Because indoor Bonsai are more susceptible to insects than outdoor species, keeping them outside for the summer will help strengthen them. Also, indoor trees often catch fungus and other diseases.
The list of possible issues also includes:
- Vine weevil (that eats the leaves and can harm the roots).
- Root rot.
- Leaf galls (the leaves and stems thicken, curl, become fleshy and turn pale green).
Tools Needed for Bonsai Tree Azalea Pruning
You will need shears to cut twigs, smaller branches, leaves, or roots. You can find several types and sizes online or at your local market. For instance, there are shears with a wide standard shape for thicker twigs and narrow and longer shears for smaller ones. The longer variety makes working in the middle of a dense canopy easier. Of course, there are also the smaller shears for trimming Azaleas and removing wilted flowers.
Aside from those, you will also need Concave cutters when cutting the branches from the trunk. Again, the different sizes and shapes are for different purposes. So, pick the right tool among the straight-bladed, semi-rounded, or knob cutters.
A small saw is another tool you may need for pruning or trimming branches, trunks, or thick or hard roots.
Because there are many different carving tools, it is best to opt for a set that contains everything you may need to shape, smooth, contour, narrow, or hollow out the deadwood.
How to Prune Bonsai Tree Azalea
It would be best if you regularly pruned your Azalea Bonsai tree to keep the balance between canopy and root. If you neglect to prune it, the tree will grow in all directions. So, to ensure that your Bonsai will thrive and bloom in the following season, it is vital that you do all the styling (pruning, wiring) after the buds evolve.
How to Wire Bonsai Tree Azalea
Applying wire to the trunk of Bonsai trees helps to refine its shape. It changes the tree’s angle and position so it can grow in a particular direction. Thus, Bonsai wiring is an ongoing process cultivators must do gradually over the years.
For wiring, follow the steps below:
- Attach one end of the Bonsai wire to a branch
- Move from the bottom to the top
- Wrap the wire tightly
- Wire at an angle of 45°
- Do not cross the wire
- Wrap the wire around the branch
- The wire must be on the outside of a bend
- If the wire presses in, remove and reapply it
How to Make Cuts to Bonsai Tree Azalea
When cutting a Bonsai tree, you can experiment a lot, as they quickly sprout again. However, with Bonsai scissors, you should remove all shoots that grow steeply upwards or downwards.
For the branches, use the appropriate Bonsai branch cutters. Select the crossed and broken branches and cut them off just above the point where they grow from the trunk of the tree. Cut back twigs until they have 3-4 nodes. After doing any cutting, a wound closing agent is necessary to protect the trunk from pests.
Bonsai Tree Azalea Styles
Generally, an Azalea can grow in nearly any bonsai style. However, the three most dominant forms are informal upright, multi-trunk, and cascade.
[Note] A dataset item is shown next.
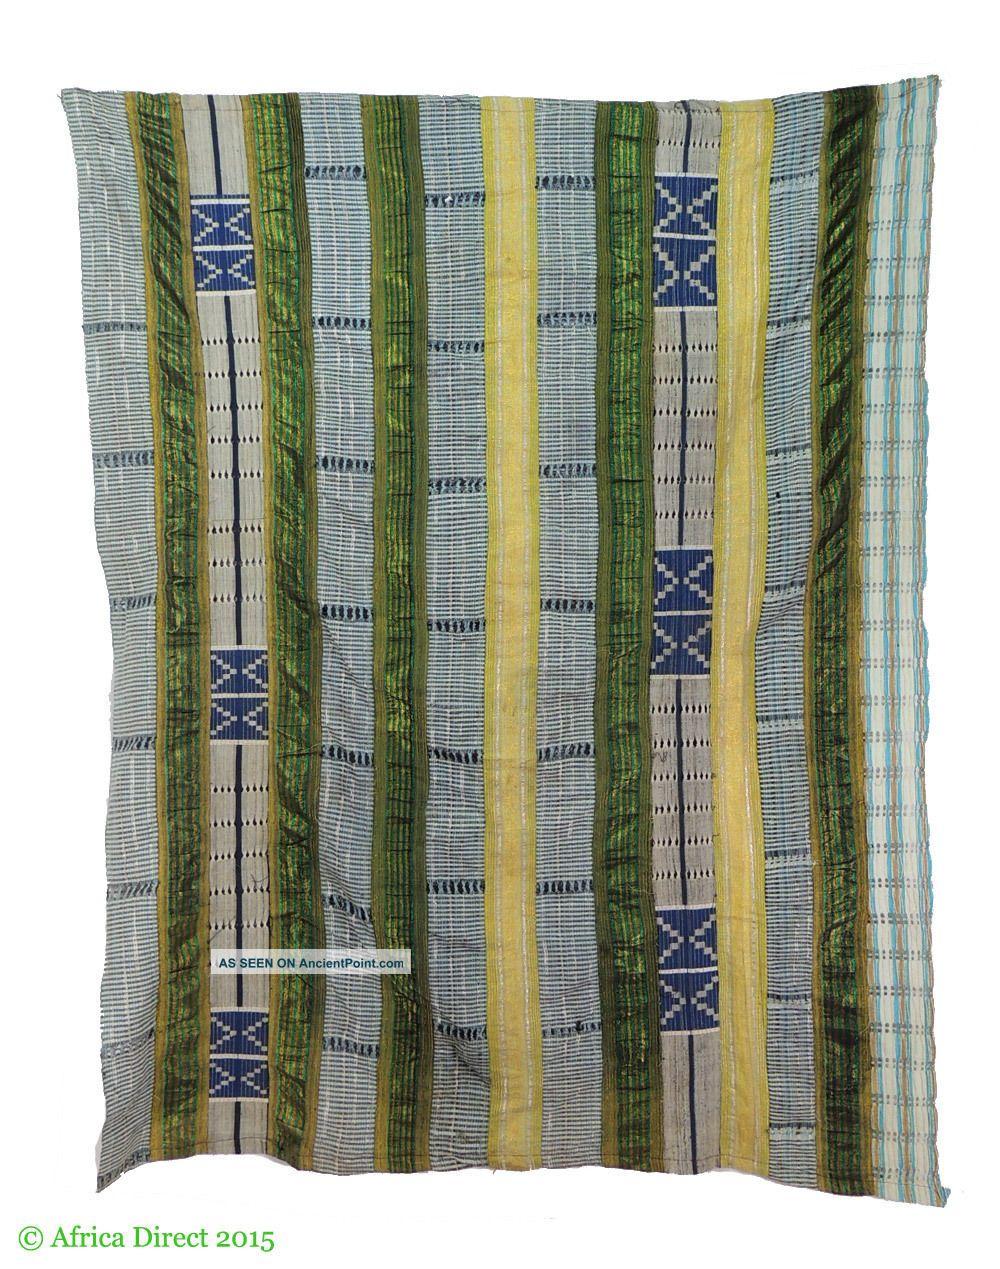 Yoruba Aso Oke Handwoven Textile Openwork Nigeria Africa Other photo

The informal or moyogi style gives your Bonsai a beautiful s-shaped trunk that tapers naturally. With this style, the branches will grow from the bends in the trunk outwards, leaving space for the foliage and beautiful flowers.
The multi-trunk style is a type of the twin trunk style. With this style, multiple trunks grow from the same root system and form a stem.
Despite this style being rare in nature, it is the best way to showcase the beautiful Azalea flowers. However, it is difficult to maintain as you force the tree to grow downwards instead of upward toward the light, which is more natural.
Azalea Bonsai trees are indoor plants that anyone can learn how to cultivate. They do, however, come with a bit of a challenge. If you follow the guidelines when taking care of your Bonsai tree Azalea, you will add an attractive ornament to your indoor or outdoor garden.